• Activity
Copy out exactly the lines spanning the line with "Welcome to the" to the line with "LUX ラックス ボディソープ clinicacampinas.com.br", inclusive, from the data underneath, with no pictures.

• Input material
----------
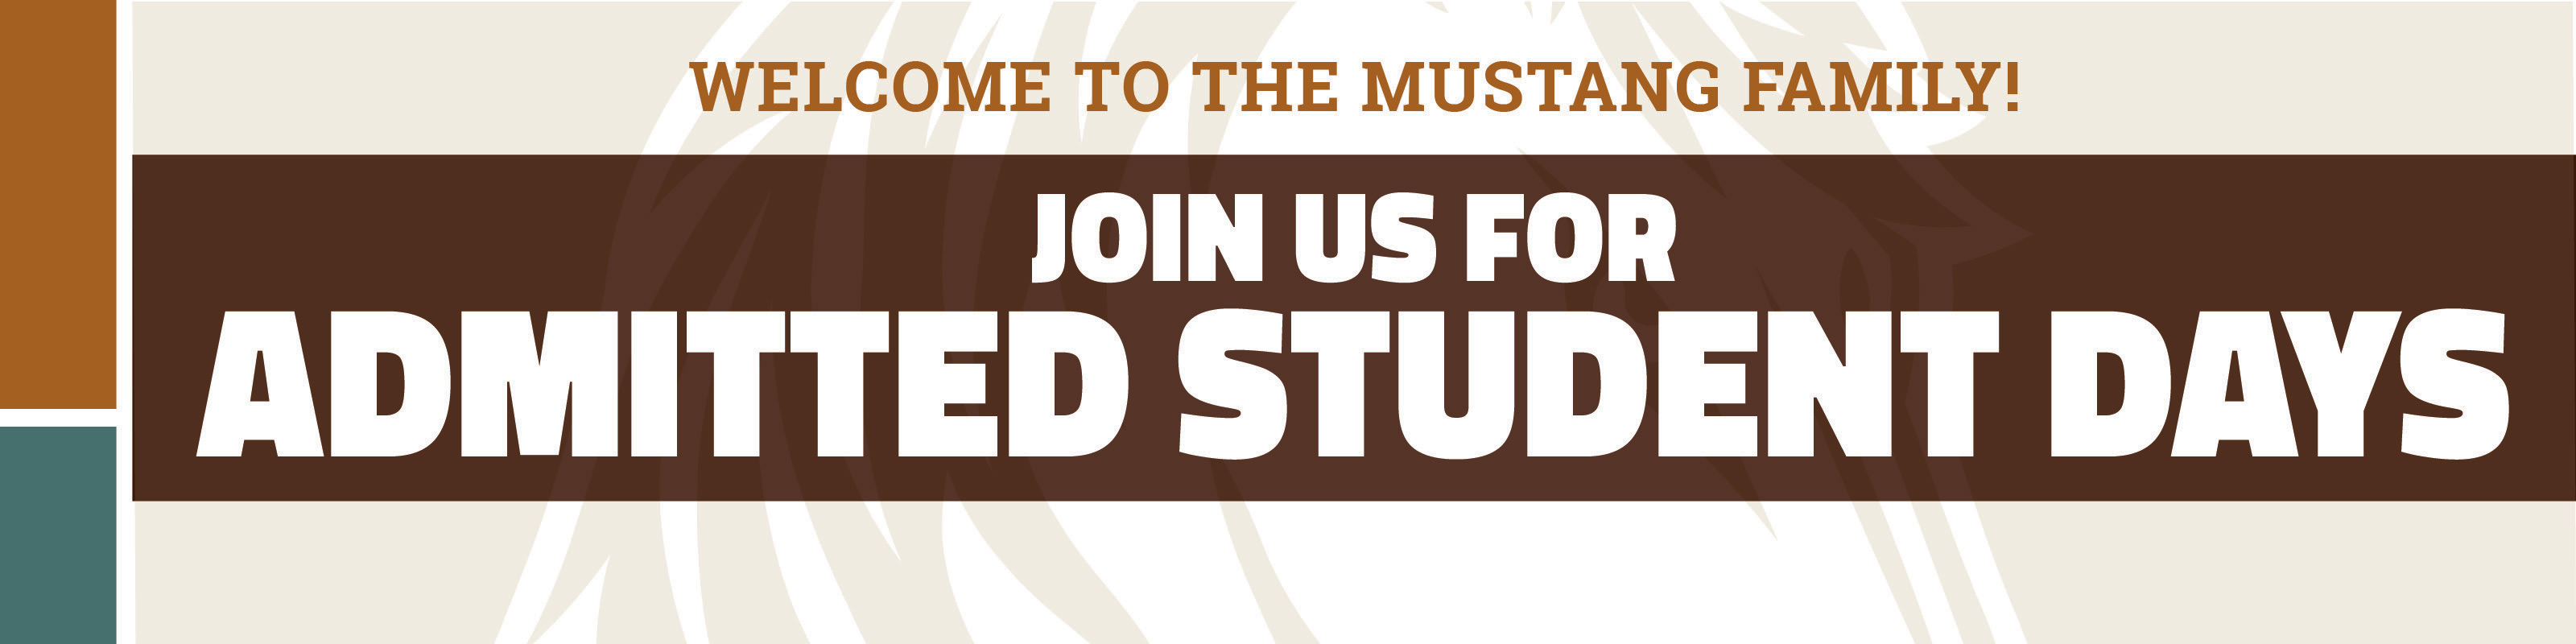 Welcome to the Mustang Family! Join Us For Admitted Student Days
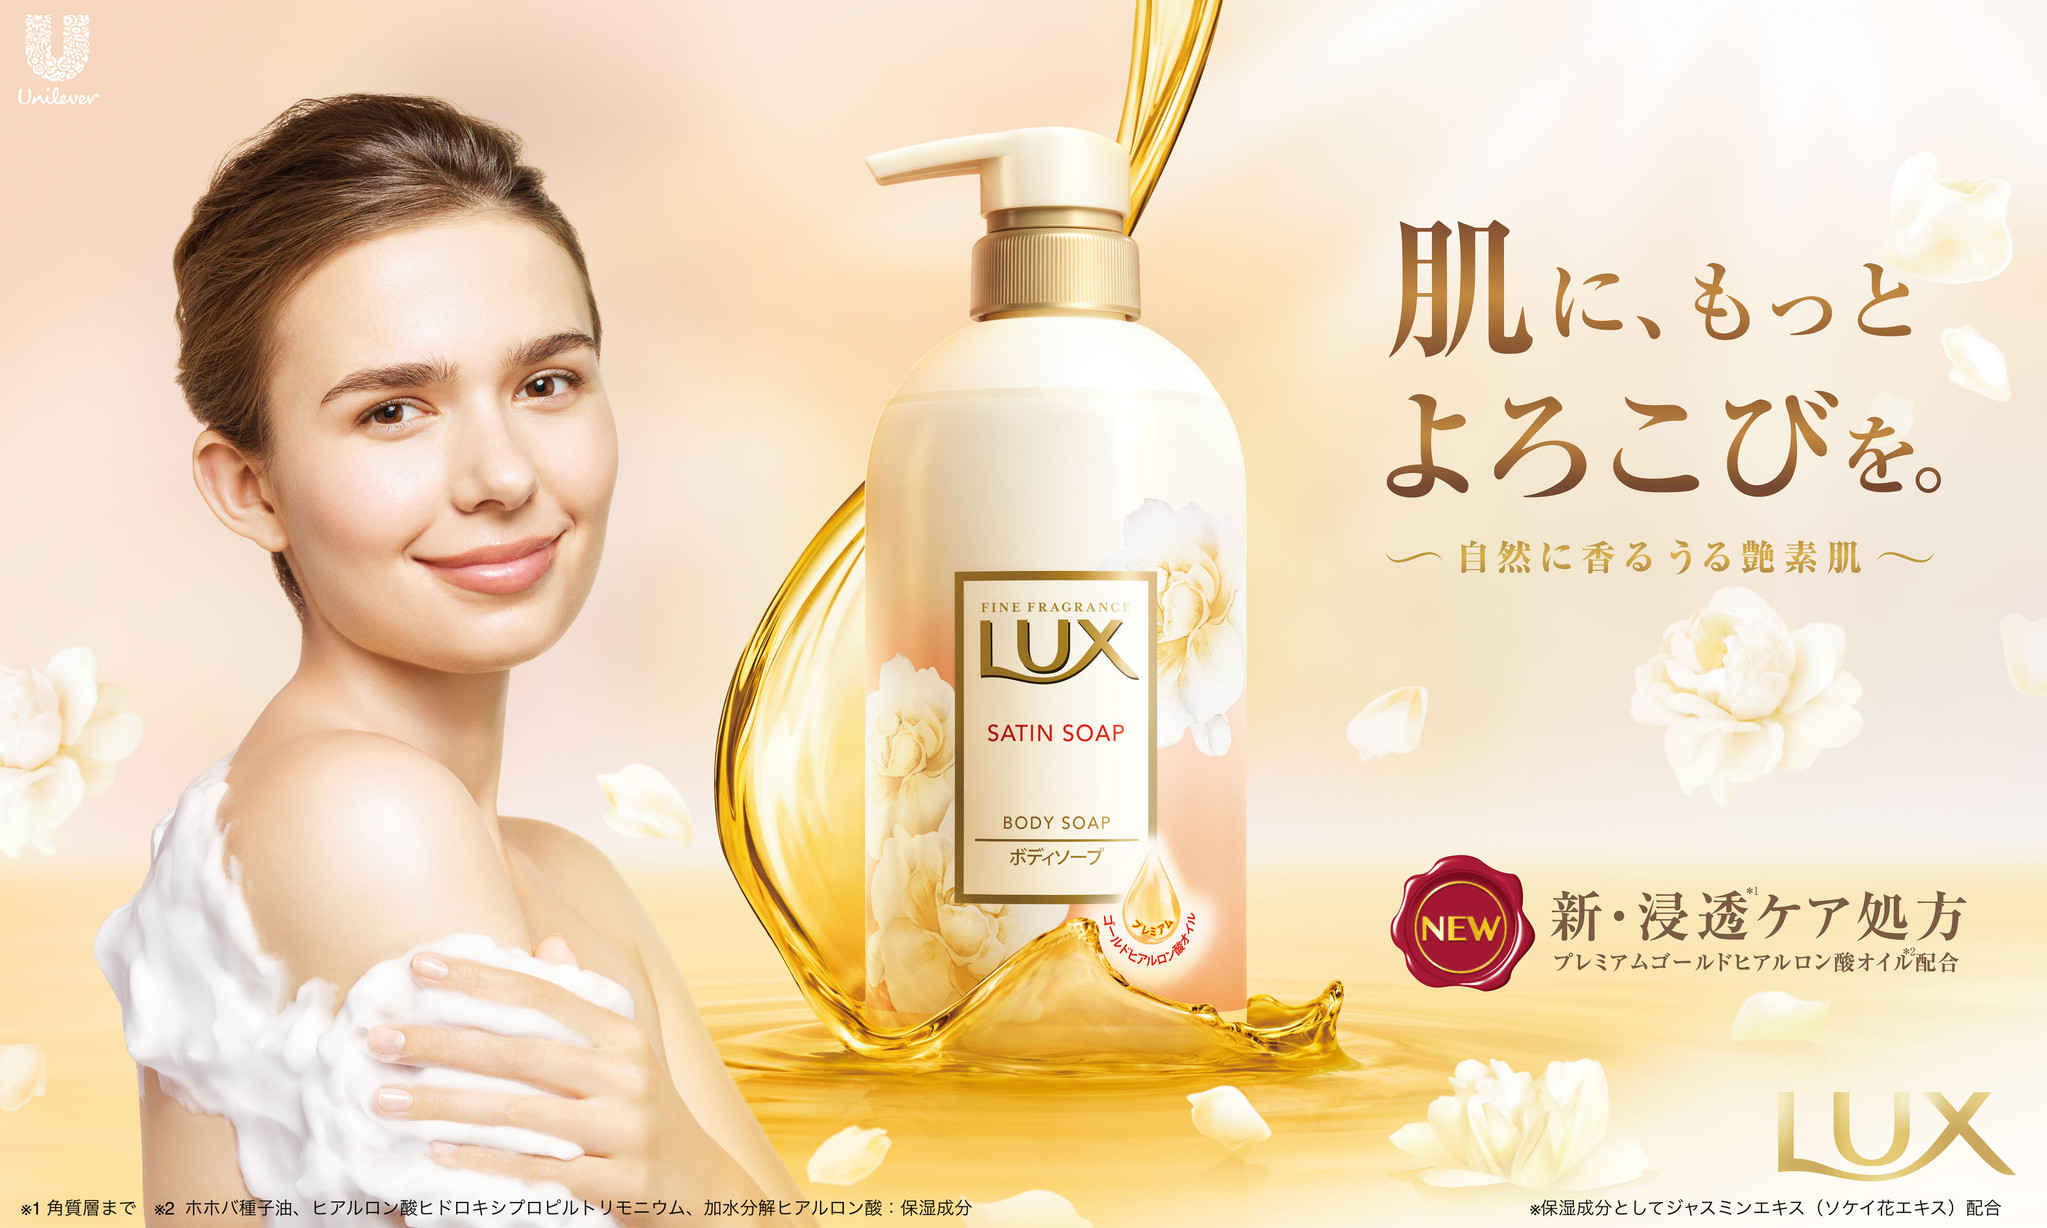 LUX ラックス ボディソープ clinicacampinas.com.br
----------
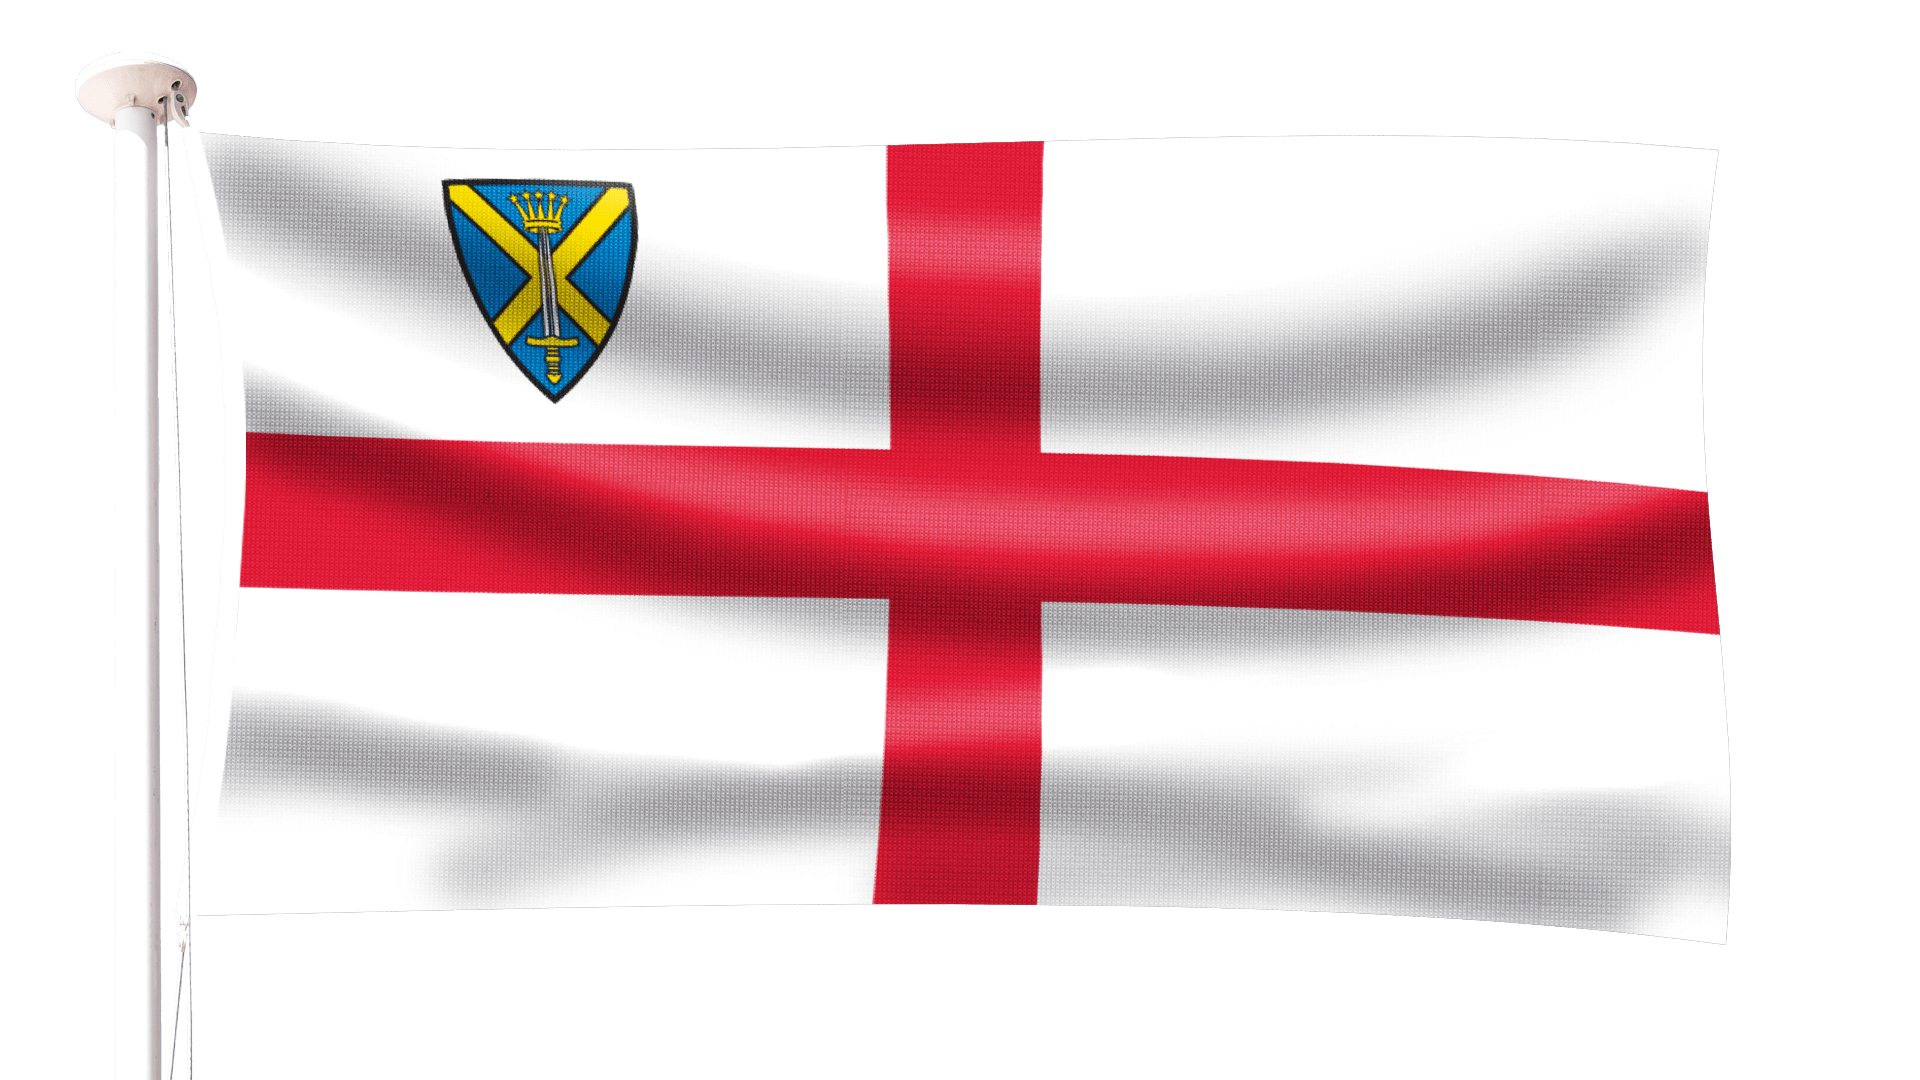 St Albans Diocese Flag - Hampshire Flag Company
----------
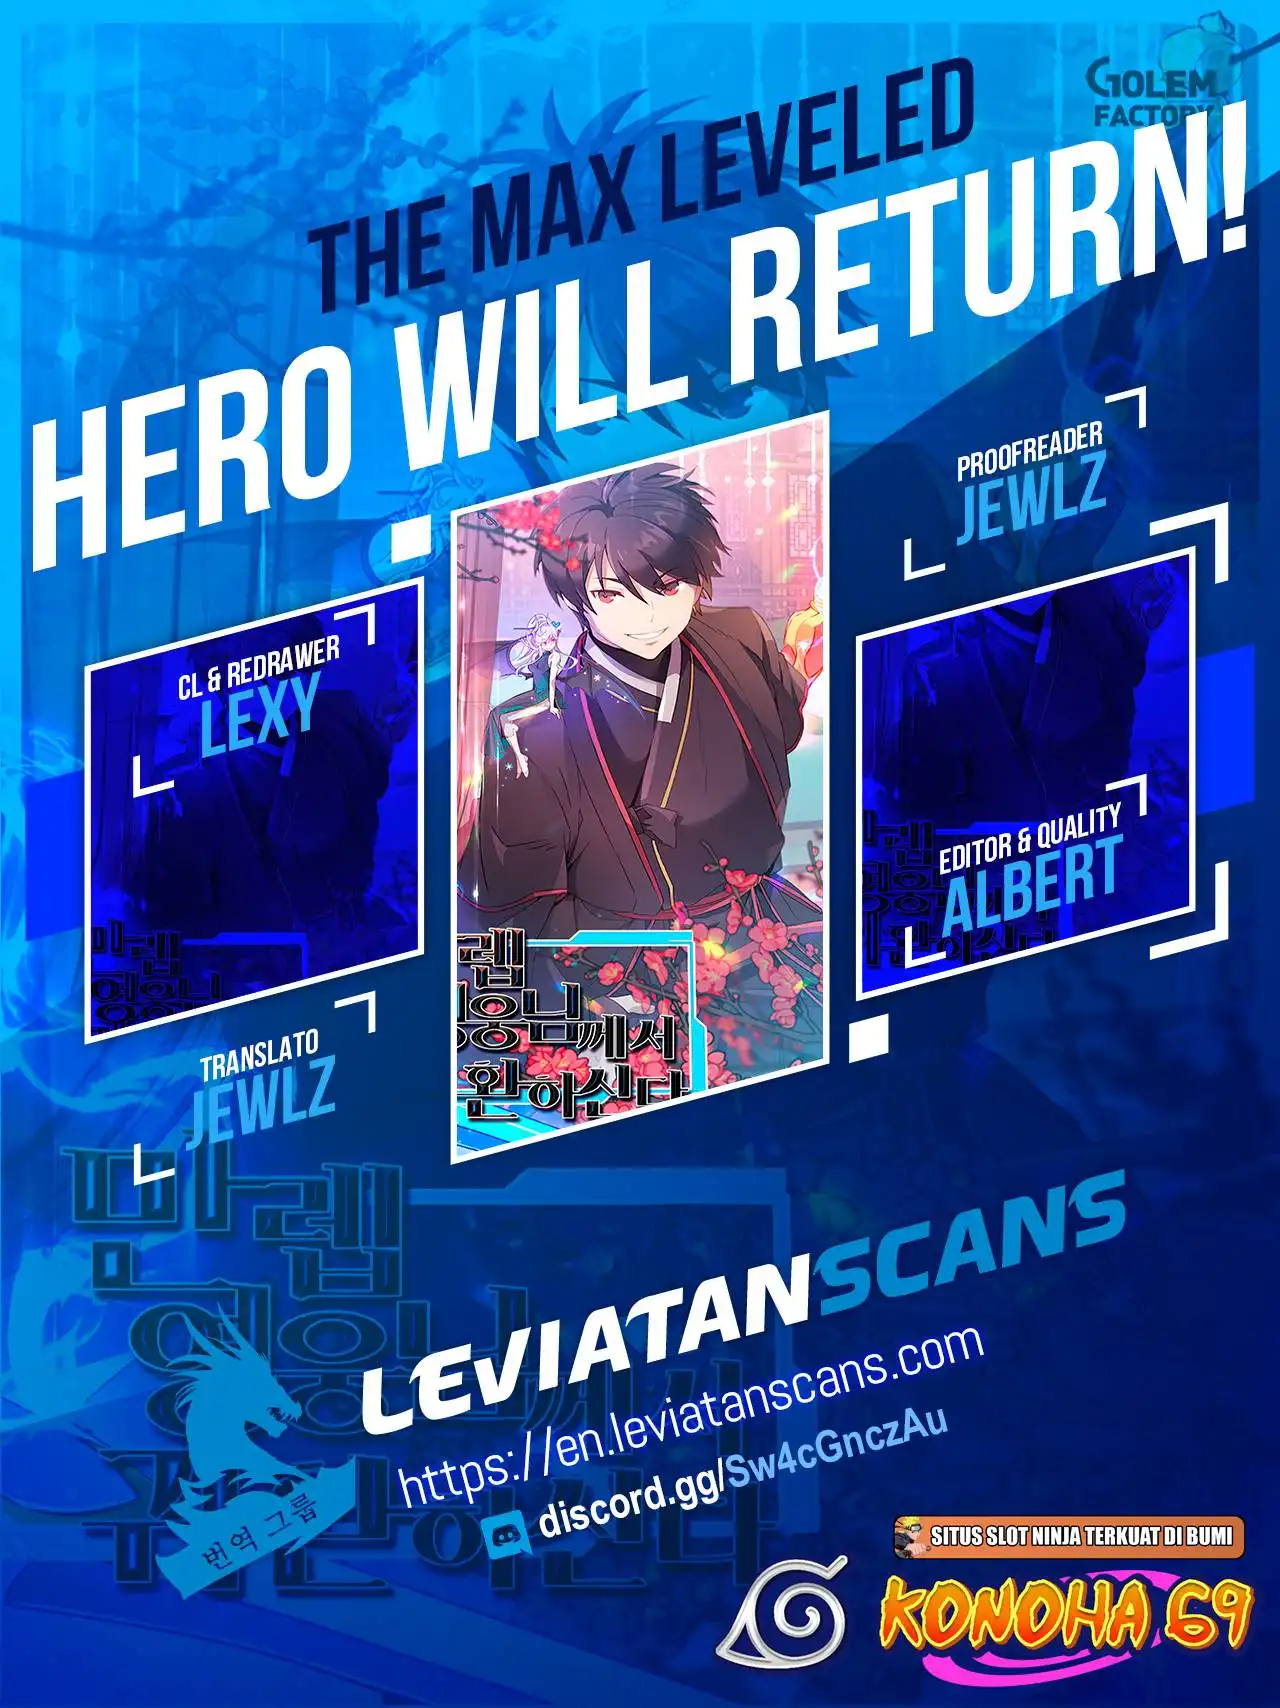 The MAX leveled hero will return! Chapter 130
----------
• Response area
 Welcome to the Mustang Family! Join Us For Admitted Student Days
 LUX ラックス ボディソープ clinicacampinas.com.br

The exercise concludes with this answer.